The idea, for you ignoramuses, or Brendan Fraser bomb shelter kids, was that four friends, Tommy Pickles, Chuckie Finster, and Phil and Lil DeVille, go adventuring, and, unbeknownst to their parents, communicate in adorable malapropisms via some sort of baby speak. Their endeavors usually take place at Tommy's house, and often are antagonized by Tommy's elder cousin Angelica, who is bilingual in English and Toddler. The beginnings always started off with ultra-extreme close-ups of some everyday object and I always tried my hardest to guess what it was before it came completely into focus. Dealing with issues like the struggles of being a lefty and pre-k crushes, Rugrats was perfect.

Doug was the Rugrats for those closing in on the double-digit age mark, and originally ran from 1991-1994. It was an eponymous masterpiece whose reputation was tarnished by the fact that it made a horrendous comeback on One Saturday Morning (and it had so much potential to evoke that aforementioned aura!) near the turn of the millennium.
Douglas Yancey Funnie: average in every way. His turtle-green v-neck sweater vest, baggy white undershirt, cargo shorts, ankle-high socks, and red and white sneakers screamed mediocrity louder than an Adelina Patti aria. He was never quite able to pull in the reins on Patty Mayonnaise (Nickelodeon and Political Correctness? Patty's dad was in a wheelchair), got picked on by Roger Klotz (man was he m-e-a-n!), had a partially anthropomorphic dog Porkchop, and had his one (allegorically Afro-American?) best friend Skeeter Valentine. It seems like a pretty typical teen movie setup, yes, but it had the animation and problem simplification to gear it toward, and make it appeal to, a prepubescent crowd. Doug could never break through the proverbial (social) glass ceiling, but we loved to see the futile attempts of his rubber hammer to do so.

All That, and I'm not talking that Amanda Bynes led shit. I'm talking about Lori Beth Denberg, Josh Server, Kel Mitchell, Danny Tamberelli, and Kenan Thompson. I'm talking about awesome preteen sketch comedy that I watched my two sisters on SNICK (which was subsequently and shittily replaced by TEENick) when my parents were out to dinner on Saturday nights. Remember Good Burger? It was made into a movie (take that, SNL). What about Dullmont Jr. High, where eccentric teaches did zany things and spoke in non sequiturs, and sometimes not in English at all (beat you to it, The Faculty). Coach Kreeton, with Kel Mitchell at his finest, acting as an elderly Phys. Ed. teacher who is always accidentally inflicting pain on himself (sorry, Seann William Scott). The Spice Boys (pf, you wish, 2Gether).
Okay, not to beat you over the head with it, but the seminal All That was, potentially, a pretty influential show.

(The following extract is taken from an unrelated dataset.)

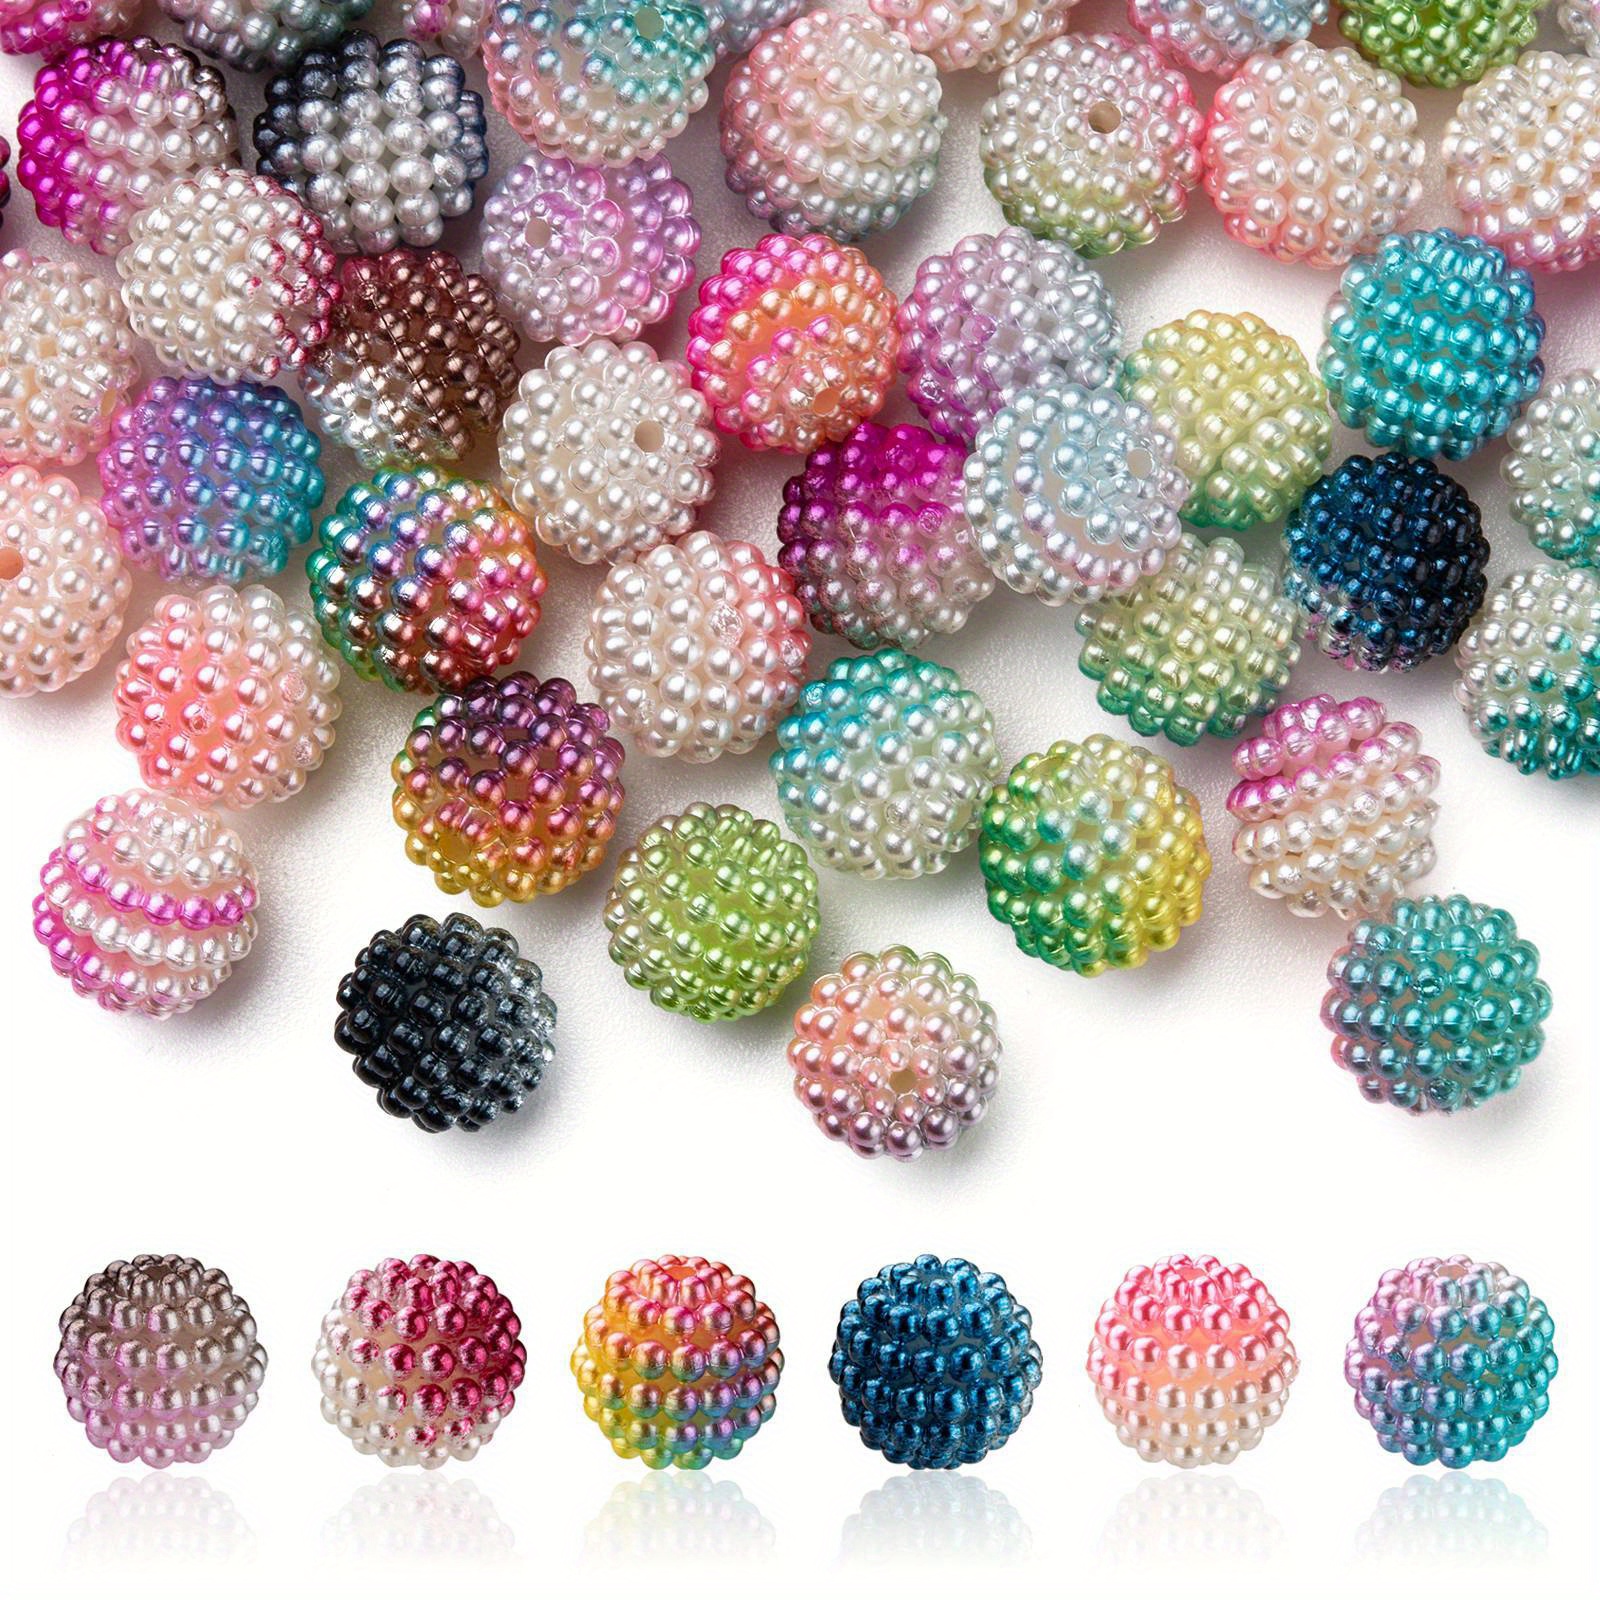 100 Qty 12mm Beads, Colorful Mixed Beads, Acrylic Beads, Chunky Bubblegum  Beads in Bulk, Round beads, Beading Supply, Loose Beads, Crafting
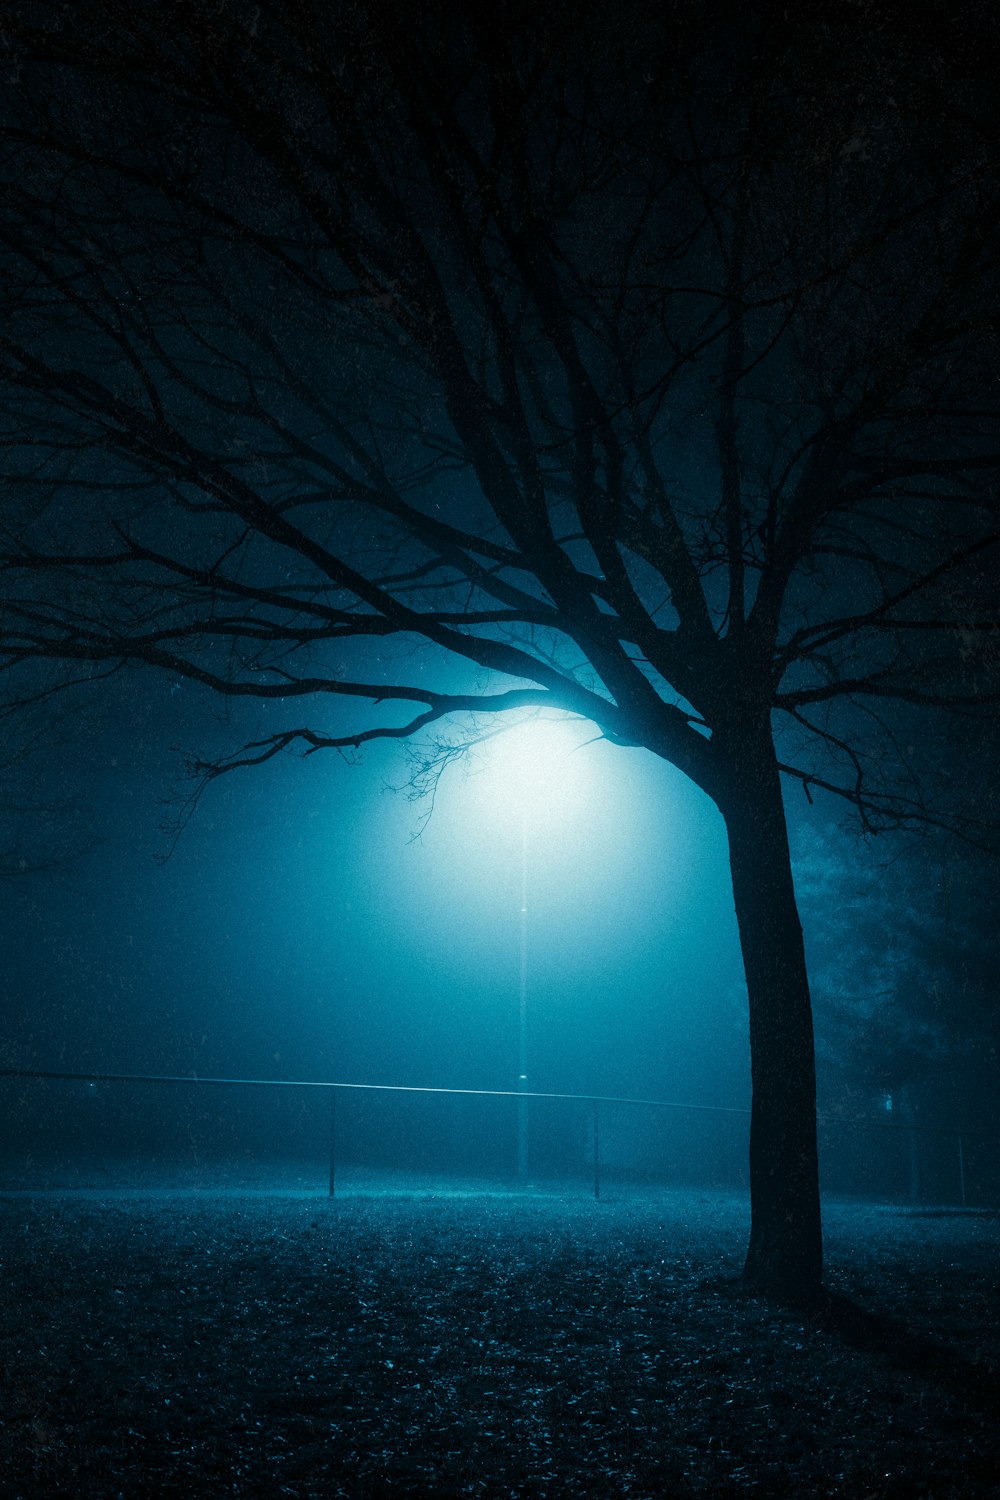 a tree in a park at night with a street light in the background

I don't know, I could just be searching for gold in a coal mine, for meaning or coincidence in nothing, but I want to reminisce with ideas of grander implications; I want to think that the endless hours I spent sprawled across my brown leather couch were not completely spent in vain; that these shows weren't the Zoey 101s or the Drake & Joshes. I want to think that these shows mattered, that they left a footprint, that they did something.

-Thursday

1 comment:

Anonymous said...

Amazing synopses of some of the best children's shows ever. Really interesting topic. Shows were definitely better back then.